According to the Canadian Energy Research Institute, however, costs for a typical steam-driven operation are up 4.4 per cent from a year ago. In a recent study, CERI put the West Texas Intermediate (WTI) break-even price for a steam-driven oil sands project at $84.99 per barrel, assuming a 12.5 per cent return. For a new mine, it’s $105.54. By comparison, oil can still be tapped for under $10 per barrel in some jurisdictions–a fraction of oil sands supply costs, which, besides perks for employees, account for the cost of capital, plus operating and sustaining costs, taxes and royalties paid on production, plus that healthy rate of return. U.S. shale oil is estimated to break even at $60 to $80 a barrel, according to the International Energy Agency.
Some of the cost drivers in Alberta are familiar. The province’s population nudged past four million last year, but workers and materials are forever in short supply. Just keeping the lights on at existing facilities is sucking up more cash, too. Operating costs, a key measure of efficiency, have jumped as much as threefold for some companies since the beginning of the last decade. At least some of that is attributable to the sharp rise in the number of companies that now populate the region, but the increase comes at a critical juncture.
Prices for Western Canada Select heavy blend, the main oil sands benchmark, have improved of late as more crude flows by rail. But the heavy-oil grade has spent much of the past few years trading at bargain-basement lows, whipsawed by sudden refinery outages and pipeline snarls. The sludgy crude typically fetches a discount to WTI oil on account of distance to market and the extra cost of processing the gooey stuff into transportation fuel. Companies factor such discounts into investment decisions, typically in the range of $15 to $20 a barrel. The trouble is, that gap has mushroomed to more than $40 in recent years as production outpaces pipeline capacity, sapping billions in government and corporate revenue and halting investment in new projects like Joslyn.

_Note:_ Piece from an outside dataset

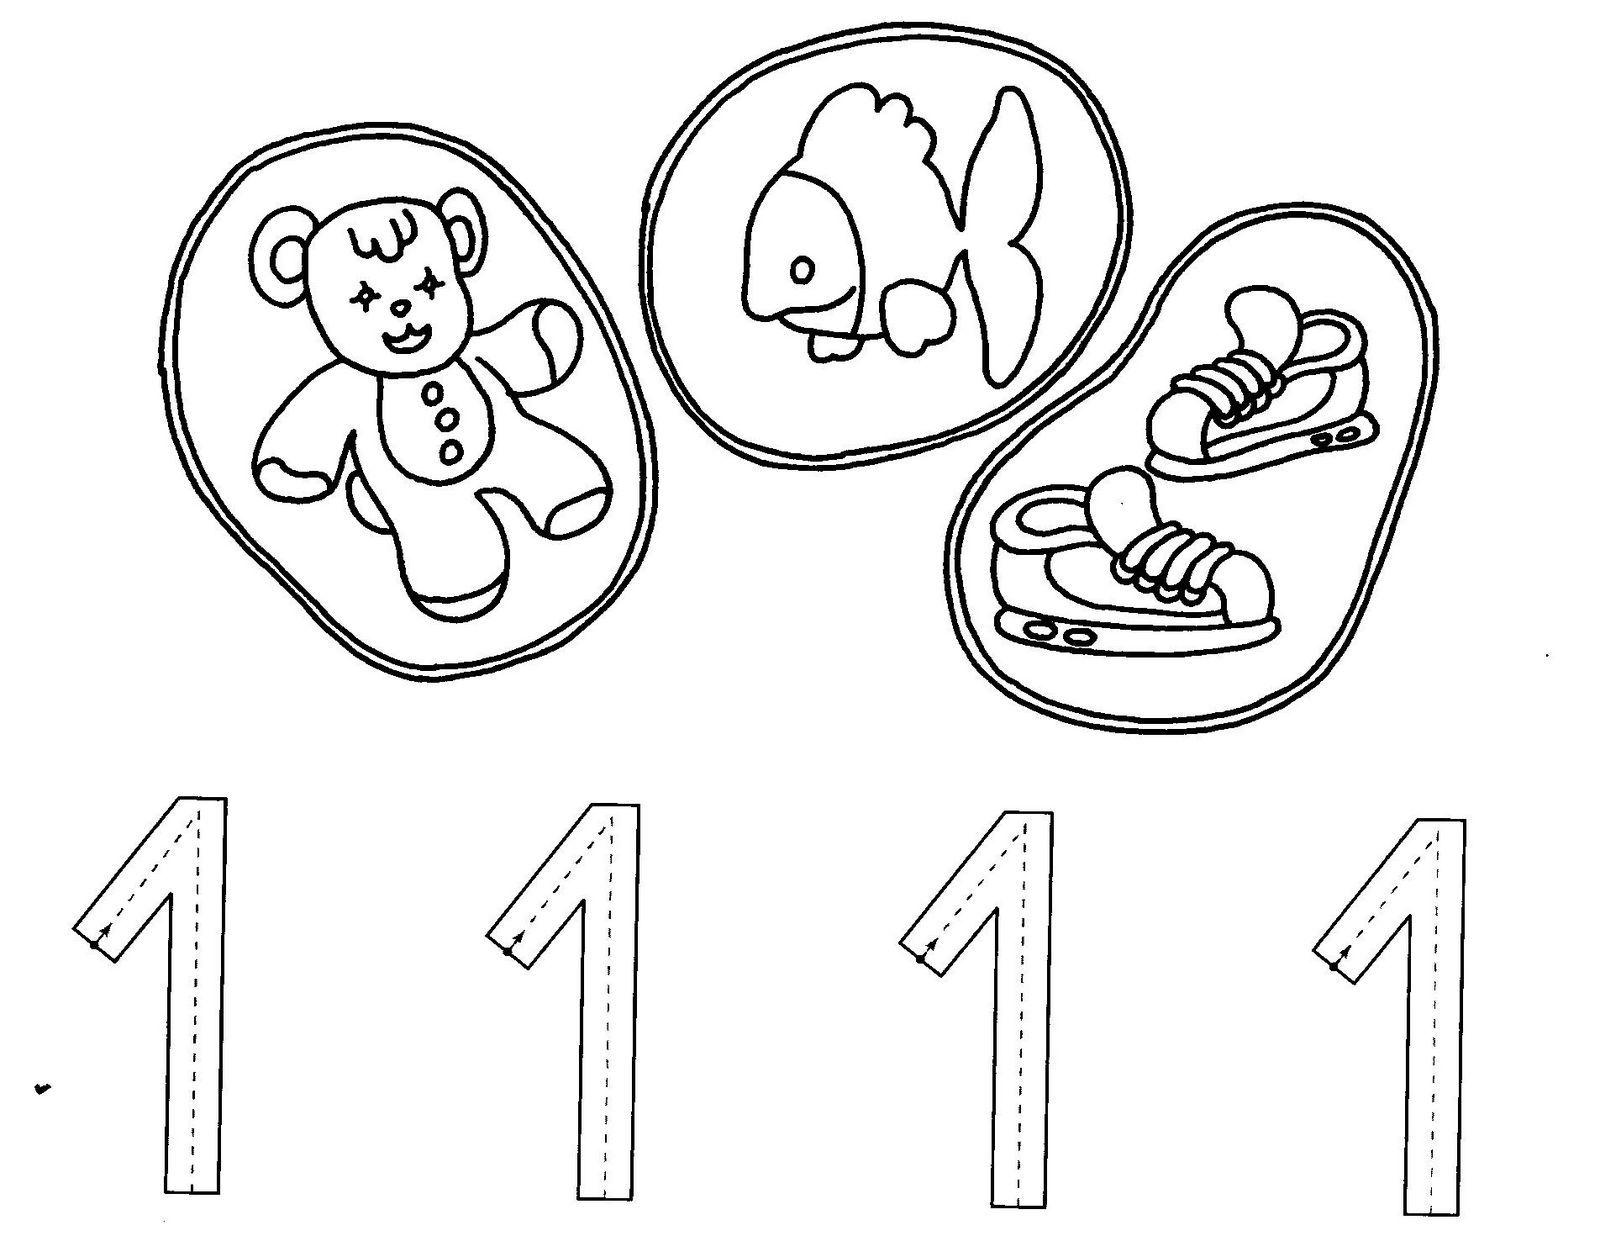 Fichas Infantiles: Fichas del número 1   zenbakiak   Pinterest ...

Most industry watchers say prices will improve gradually as new pipelines are built. By some estimates, sales off Canada’s West Coast fetch as much as $20 per barrel more than inland crude. But multibillion-dollar projects like Northern Gateway and Keystone XL have been tied up for years by opposition and political wrangling, delaying efforts to reach growth markets.
With commodity prices softening, the scene is causing jitters. Despite endless bluster about cost-cutting and the benefits of new technologies, the oil sands, long considered a safe harbour for companies accustomed to fuel theft and other nasty business in far-off lands, haven’t licked their stature as one of the highest-cost locales to pump crude. As one corporate director and former industry executive says: “It remains vulnerable to a sharp drop in prices.”
Jeff Lewis is an energy reporter with The Globe and Mail, based in Calgary.